Re: Materialized views in Oracle

From
Mike Christensen
Date:

Hmm I think a materialized view you have to update yourself is called a "table"..  but after dealing with the nightmare that is Oracle 11g, I think it'd be much more fun going that route with triggers and everything.  Yes this thread is a complete vent, and also a plea to the pg guys to do materialized views right!

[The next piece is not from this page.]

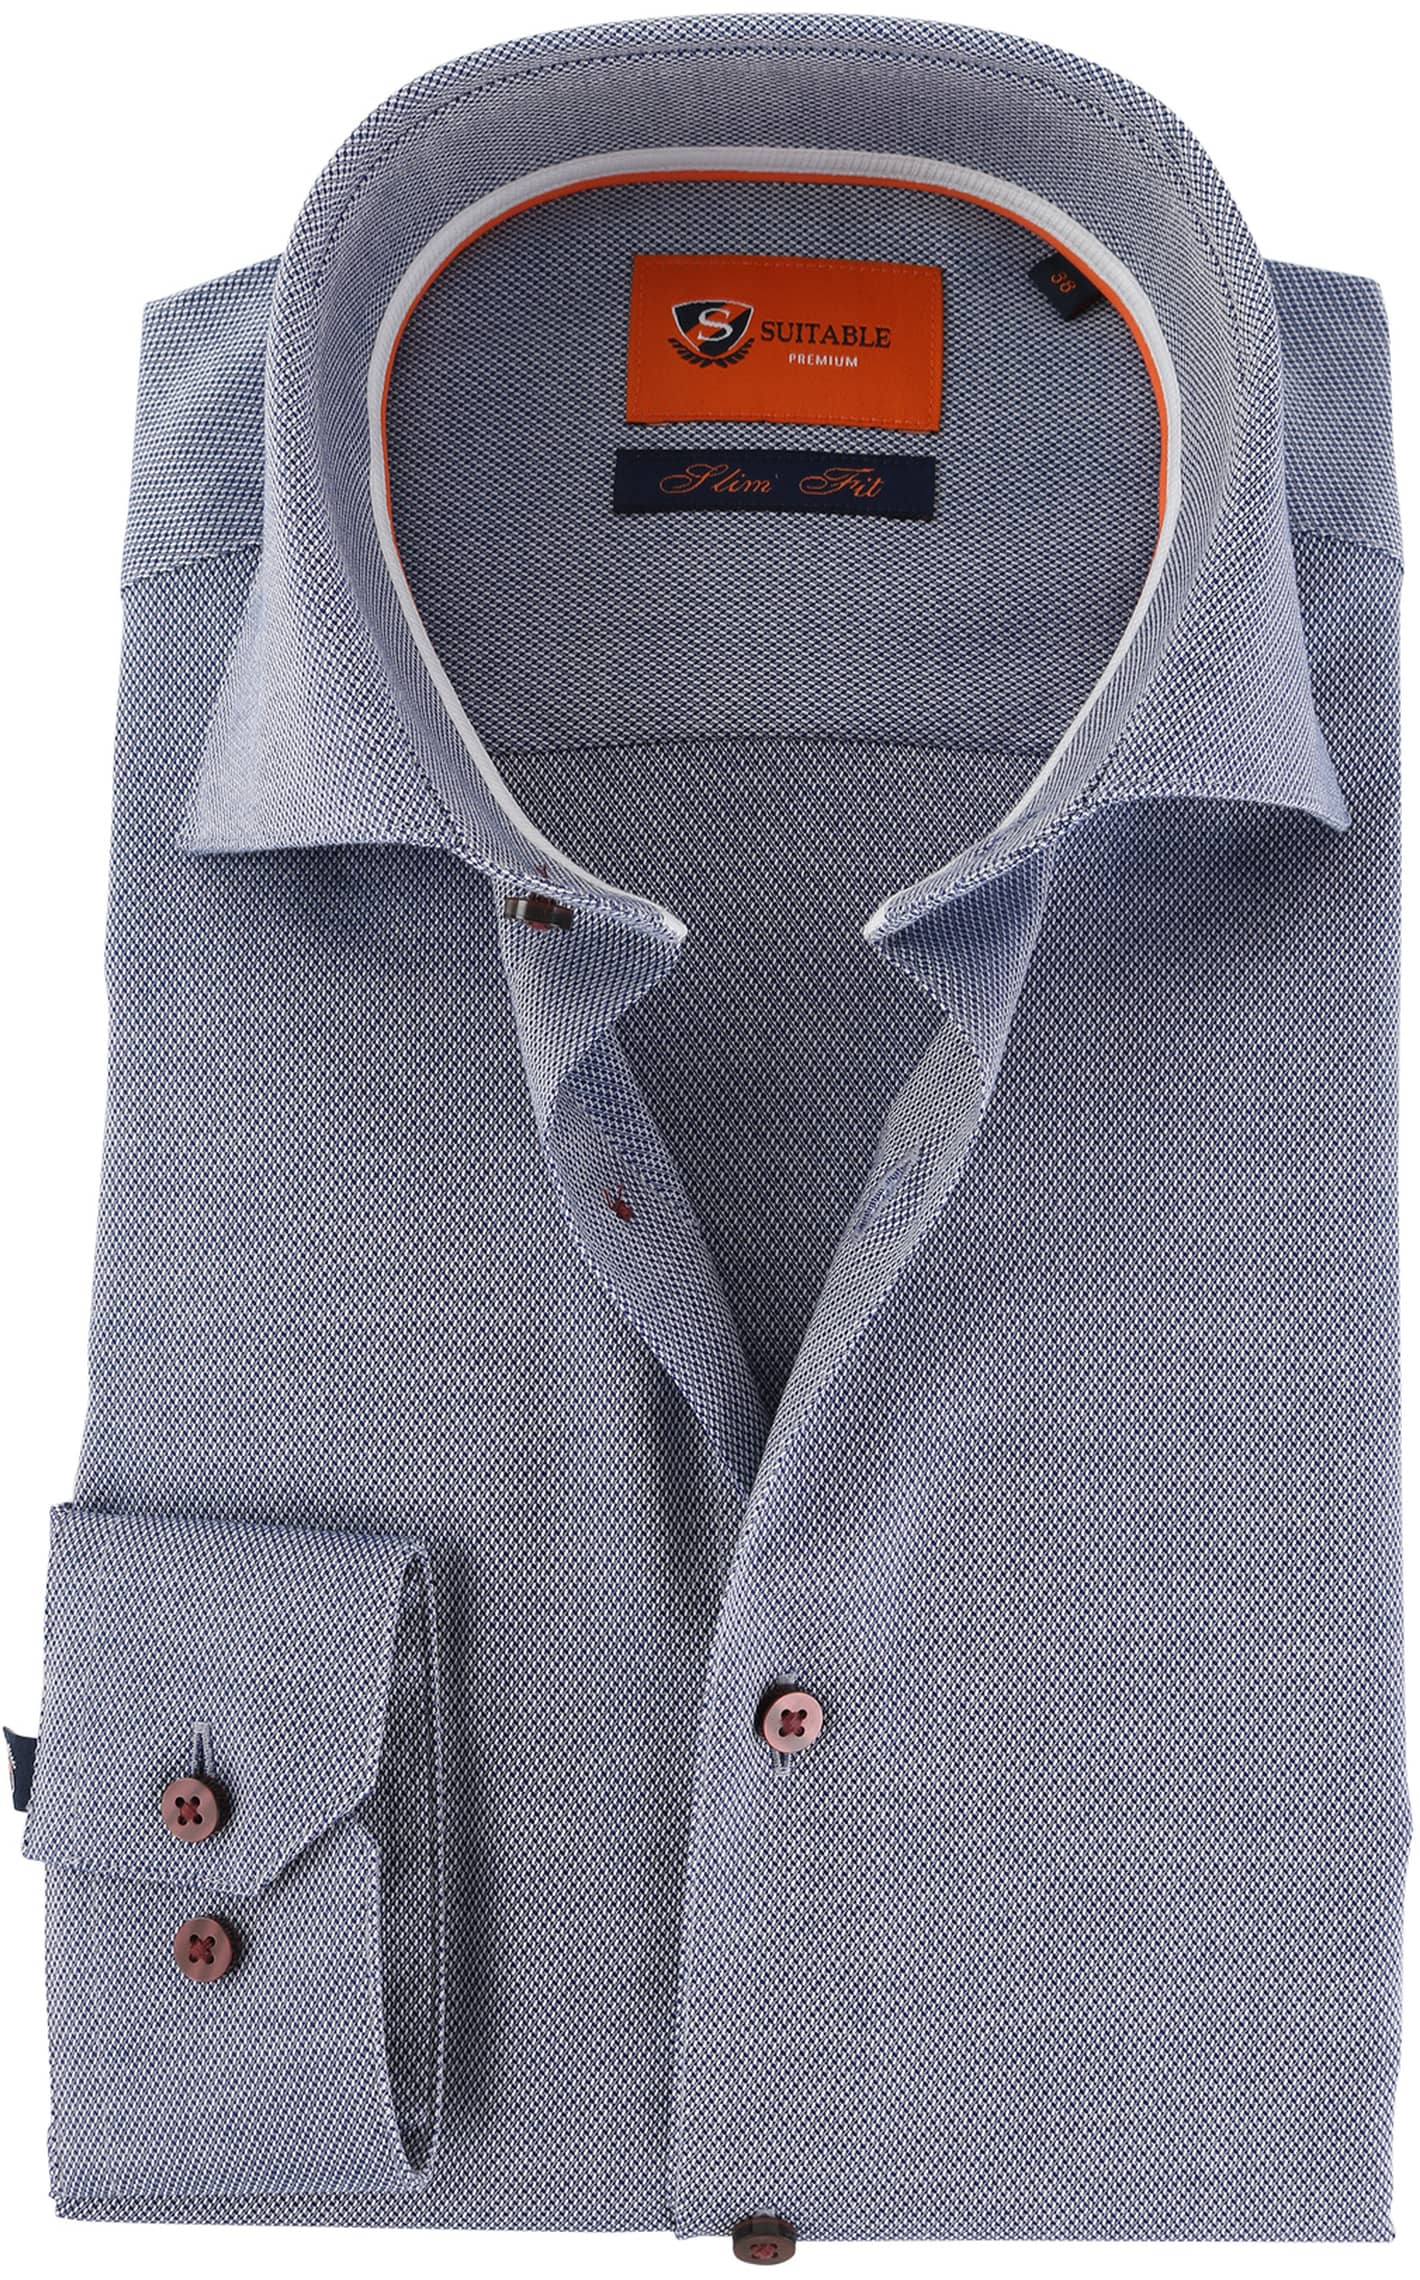 Suitable Overhemd Donkerblauw D72-04 foto 0

On Sep 21, 2011 1:54 PM, "Ben Chobot" <bench@silentmedia.com> wrote:
> On Sep 21, 2011, at 1:17 PM, Mike Christensen wrote:
>
>> So I used to think materialized views in Postgres would be an awesome feature. That is until I had to endure the hell hole which is Oracle's implementation.. what a complete joke.. did MS SQL's indexed views do any better? Hopefully if PG 10 implements this, they'll make it actually useful to people.
>>
>
> Not sure if this was a question or just blowing off frustration, but you can do materialized views in PG just fine. It's just that you have to do the work of updating them yourself. You can make a good case that's a good thing, because it lets you optimize the process around your needs..... but it does add for dba complexity.
>
> (Hey, just like replication! :) )

Re: Materialized views in Oracle

From
Scott Marlowe
Date:
On Wed, Sep 21, 2011 at 2:54 PM, Ben Chobot <bench@silentmedia.com> wrote:
> On Sep 21, 2011, at 1:17 PM, Mike Christensen wrote:
>
> So I used to think materialized views in Postgres would be an awesome
> feature.  That is until I had to endure the hell hole which is Oracle's
> implementation..  what a complete joke..  did MS SQL's indexed views do any
> better?  Hopefully if PG 10 implements this, they'll make it actually useful
> to people.
>
> Not sure if this was a question or just blowing off frustration, but you can
> do materialized views in PG just fine. It's just that you have to do the
> work of updating them yourself. You can make a good case that's a good
> thing, because it lets you optimize the process around your needs..... but
> it does add for dba complexity.

Well if you set it up with triggers etc you can have materialized
views that autoupdate, but that may or may not be the best way to do
things for your particular workload.

Re: Materialized views in Oracle

From
Craig Ringer
Date:
On 09/22/2011 06:02 AM, Mike Christensen wrote:
> Hmm I think a materialized view you have to update yourself is called a
> "table"..  but after dealing with the nightmare that is Oracle 11g, I
> think it'd be much more fun going that route with triggers and
> everything.  Yes this thread is a complete vent, and also a plea to the
> pg guys to do materialized views right!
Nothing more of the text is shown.